Mas quero aqui destacar a grandeza de Lula. Porque só com ele, conduzindo uma frente política que se tornou ampla no segundo turno, conseguimos derrotar Bolsonaro e sua máquina governamental-cibernética. Lula sequer precisava deste movimento de ser candidato, mas entendeu o momento, que ia além dele. Isso estava óbvio desde que recuperou seus direitos políticos em 2021.
Como ouvi de um taxista que não acreditava em urna eletrônica, no dia anterior à votação, Lula nem precisava passar por isso, com dinheiro e recém-casado. No entanto, Lula foi um gigante, que mostrou que a estrutura digital armada e o despejo de dinheiro e disponibilização da estrutura de governo numa campanha podem ser derrotados pelo casamento de redes e ruas, fez campanha de rua como poucos, pulou e cantou e sorriu, se entregou a cada instante como se fosse o último e, de fato, conquistou seu terceiro mandato.

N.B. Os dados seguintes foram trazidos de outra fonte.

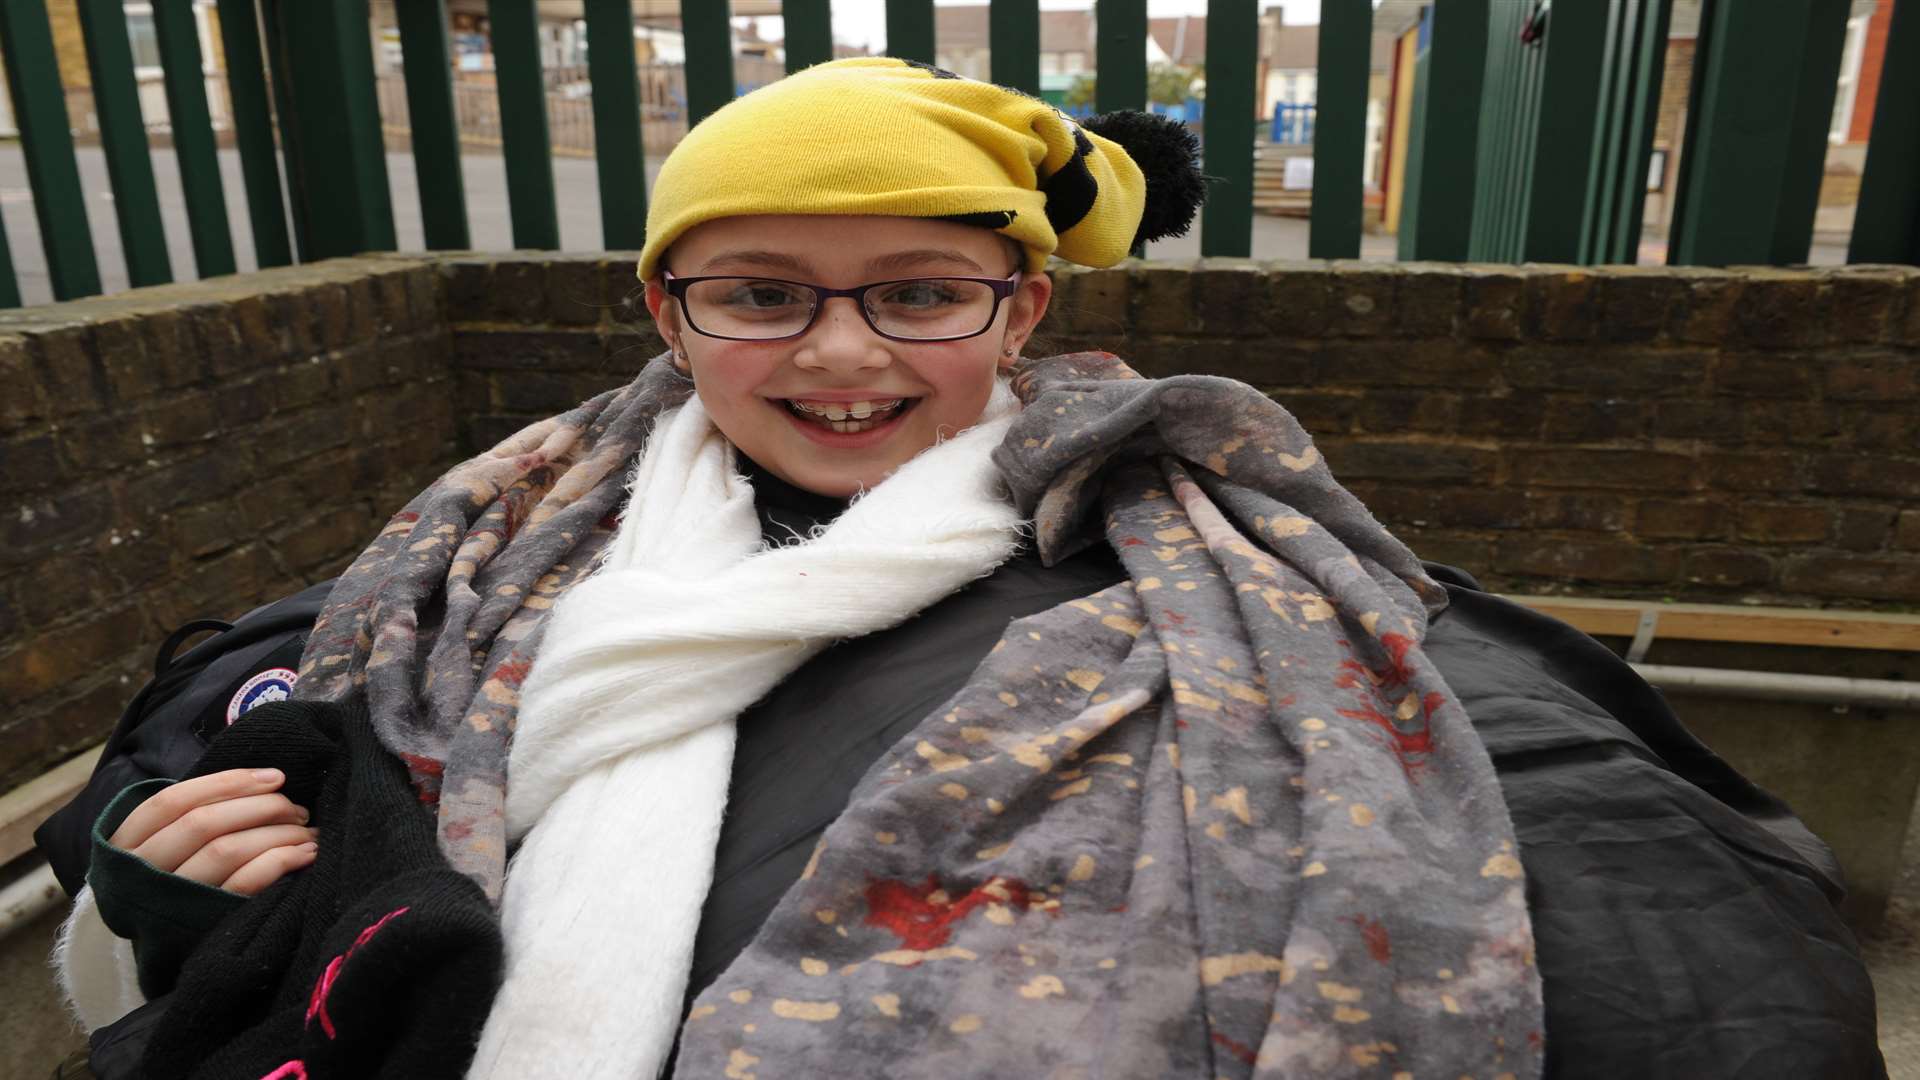 Libby Pearson has been collecting clothes and blankets for the homeless

Uma vitória da alegria e do amor, sim, como ele havia proposto. Lula expurgou Bolsonaro do poder, mesmo que tudo indique que o bolsonarismo esteja entranhado em nossas vísceras e levará muito tempo para que consigamos lidar com esse fenômeno de forma a superá-lo. Mas isso não é assunto para esse texto.

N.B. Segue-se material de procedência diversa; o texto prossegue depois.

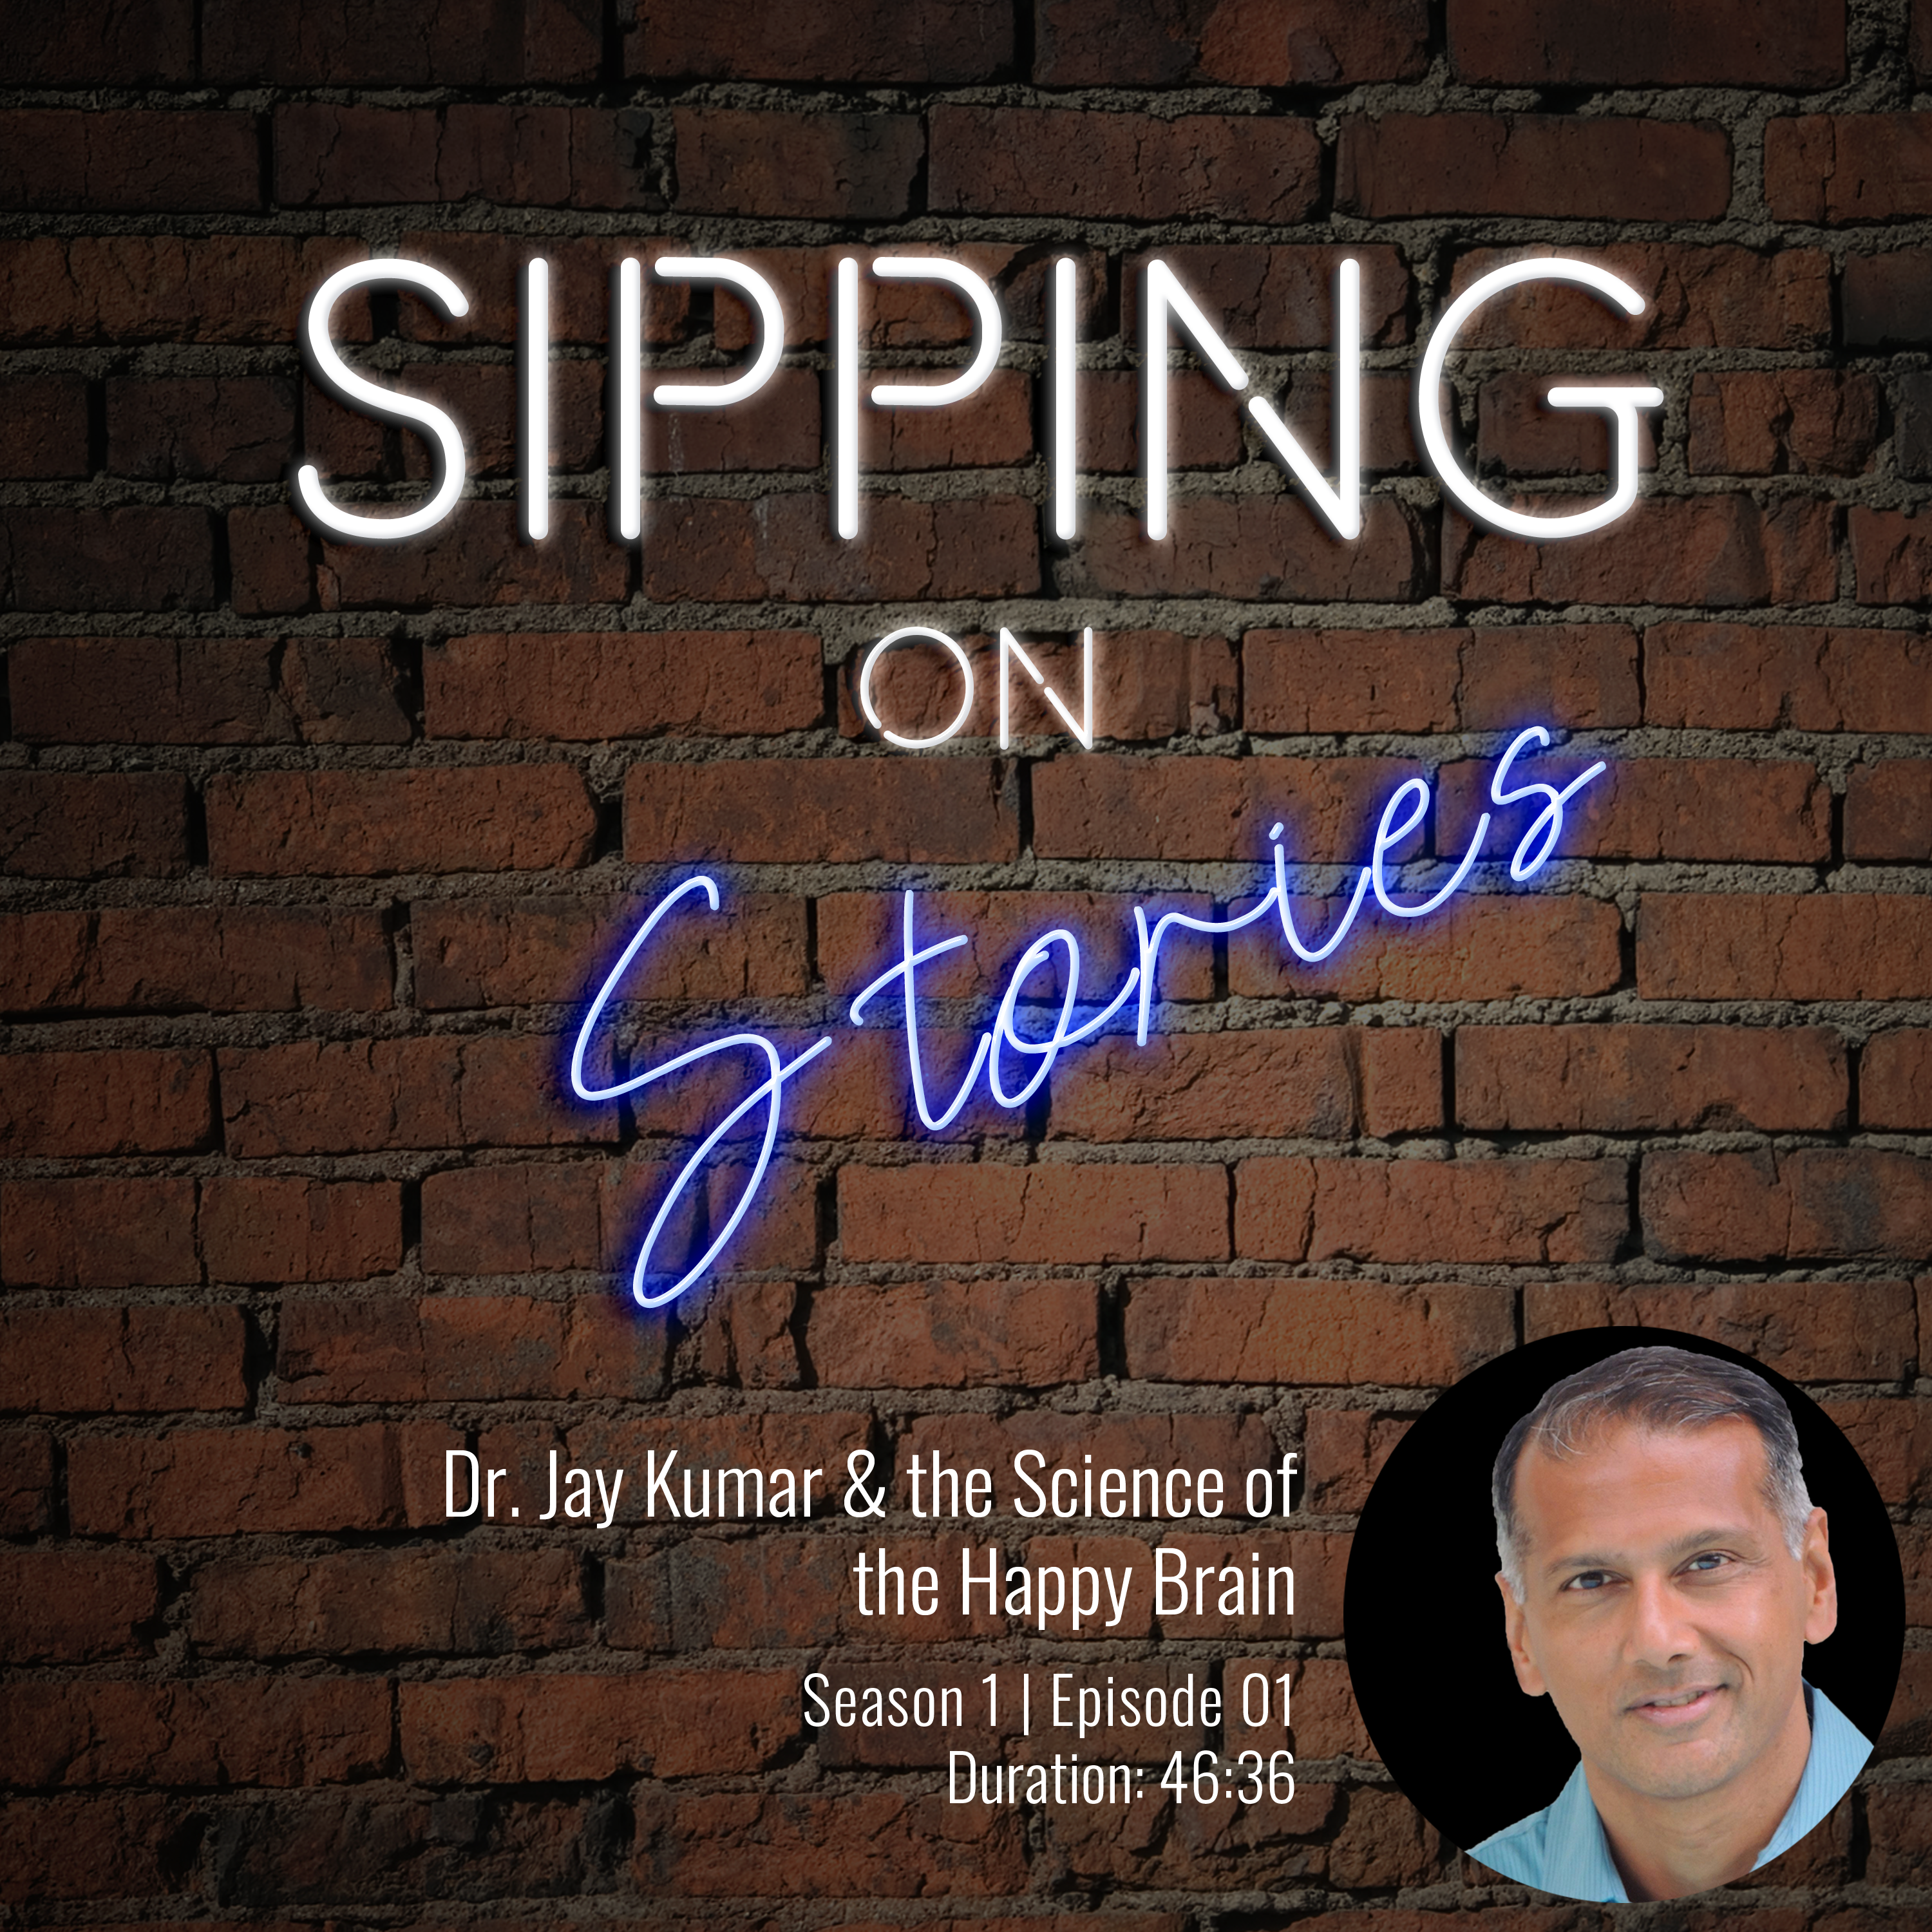 Dr. Jay Kumar & the Science of the Happy Brain

O que veio no momento seguinte à eleição? Uma tensão com bloqueios de estradas por caminhoneiros insuflados ou pressionados por policiais sob a conivência inicial da Polícia Rodoviária Federal, a mesma que no domingo de eleição era super-rigorosa no Nordeste brasileiro para dificultar o voto do eleitor numa região em que Lula é muito mais forte. Essa tensão já estava inclusive “precificada” pelo mercado financeiro em caso de uma pequena margem entre Lula e Bolsonaro, mas, já no dia de Finados, passados três dias do pleito, quando escrevo esse texto, parecia estar diminuindo consideravelmente.
Muita coisa pode acontecer até a posse, mas esses mesmos oráculos do mercado financeiro garantem que haverá posse e as possíveis tensões de contestação do resultado não duram mais do que um mês. Se considerarmos que a bolsa subiu e o dólar caiu nos dois primeiros dias, essa tensão se dissipa logo, e outras mais virão. Esse é o nosso Brasil, país em que os mercados financeiros determinam o que vai acontecer enquanto esperamos que as instituições democráticas atuem de acordo com a Constituição – como vem ocorrendo, aliás.
Nesse sentido, parece que o papel do TSE e do próprio STF são importantes de serem destacados nesse processo eleitoral e também no período de transição.
Passado o frio na barriga da apuração e da tensão do “logo depois” imediato, é preciso que todos nós comemoremos em algum momento que essa página infeliz da nossa história tenha sido virada. Que seja o quanto antes, pois não vim aqui falar do futuro, mas, com a permanência do bolsonarismo, que fica estimulado com a ambiguidade da fala presidencial se negando em assumir explicitamente a derrota nas urnas — só “implicitamente” como disse seu vice, Mourão —, a tensão vai rondar a terra brasilis nos próximos tempos, logo faz parte parar e conseguir ver que ganhamos sim, que eles perderam. Faz parte comemorar.
Como será a transição? Quem serão os ministros? Como será o governo? Dá para se aventurar nessas questões, mas primeiro é preciso parar, e nada como o dia de Finados para isso (e como escrever me faz parar), e comemorar. Em breve voltamos com a programação normal.
Marcelo Castañeda é sociólogo e professor da UFRJ.